Когда поднимается высокотравье лесных лугов, медведь, лакомясь зелеными сочными стеблями дудника, сплошь приминает большие участки его зарослей. В летнее время медведи оставляют свои метки на гладкой коре деревьев. Найдя пихту, березу или лиственницу, обычно у тропы или поляны, медведь встает во весь рост, царапает дерево задними ногами и нещадно дерет кору огромными когтями передних лап (у восточносибирских медведей когти достигают 10 см длины). После таких "объятий" кора на дереве висит лоскутами, по стволу струйками бежит смолистый сок, чистыми каплями падая на землю. К зиме раны на дереве заживают, но на следующее лето все начинается сызнова: опять приходит медведь и снова дерет когтями облюбованное дерево. На Нижнем Амуре я видел старые лиственницы, страшно изуродованные медведями. В их смоле была вклеившаяся медвежья шерсть самой различной давности и окраски. Видимо, медведи трудились тут много десятков лет подряд.
Метки от когтей медведей на деревьях я видел и в Сибири, и на Дальнем Востоке, в Костромской и Горьковской областях. Что заставляет медведя делать эти метки, до сих пор еще неясно. Видимо, он так обозначает границы своего участка. Другие звери, например волки, лисицы, барсуки, куницы, оставляют пахучие следы на заметных пнях, кочках, камнях и т. д.

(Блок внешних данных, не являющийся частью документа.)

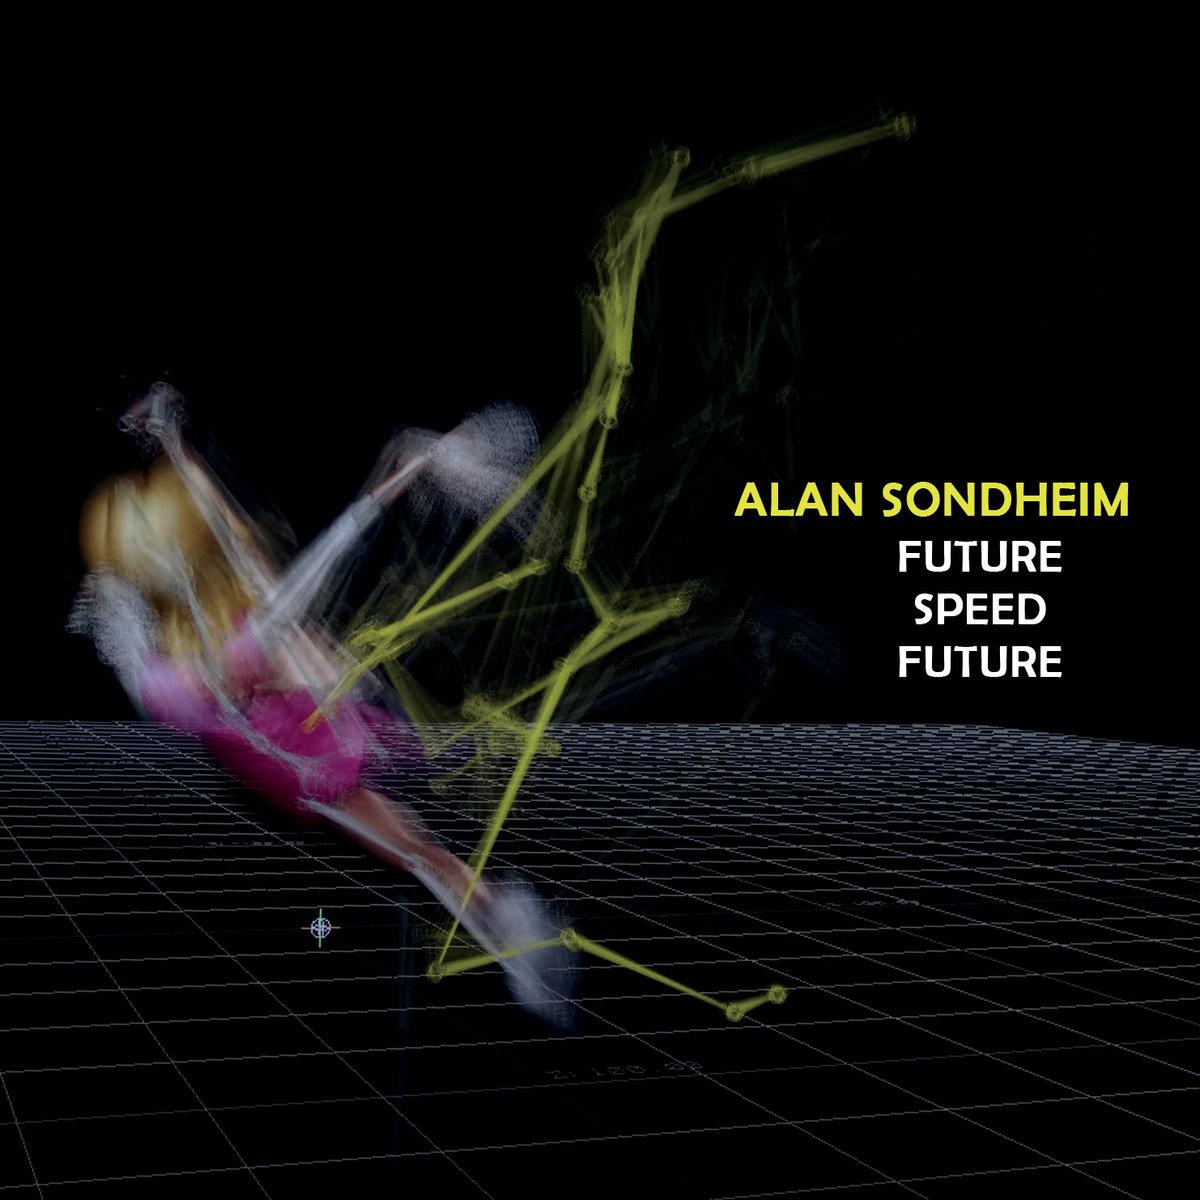 Alan Sondheim – Future Speed Future (2019) [FLAC]

Там, где медведей много, а местность не везде хорошо проходима, они иногда прокладывают тропы, которыми пользуются много лет подряд. Одну такую тропу, по которой медведи ходили вдоль берега моря, отыскивая живность, принесенную волнами, я видел в тайге на побережье Татарского пролива. В чаще густого пихтовника на многие километры тянулась дорожка, выбитая в глубоком моховом ковре до самой земли и щебня. Словно кто-то в огромных валенках годами ходил по этой тропе, след в след ставя ноги, и пробил борозду глубиной 10-20 см.
Еще более торные тропы прокладывают огромные камчатские медведи. Вот как описывал их путешественник К. Дитмар: "Эти замечательные дороги вернее всего ведут к удобным перевалам через горы и к самым неглубоким местам рек, обходят крутые мысы и скалы, а также непроходимейшие чащи кедрового и ольхового стлаников; медвежьи тропы наверняка приводят к самым рыбным рекам и озерам[5], к самым ягодным местам. Весь полуостров Камчатки от севера к югу и от востока к западу прорезан во всех направлениях такими хорошими, вполне утоптанными дорожками. Нередко встречаются тропинки, очевидно с незапамятных времен служившие путями сообщения для медведей, хорошо утрамбованные, около полуметра шириной, очищенные от травы. Новичок, внезапно попав из чащи травы и кустарника на такую дорожку, подумает, что перед ним дорога, ведущая к людным деревням..."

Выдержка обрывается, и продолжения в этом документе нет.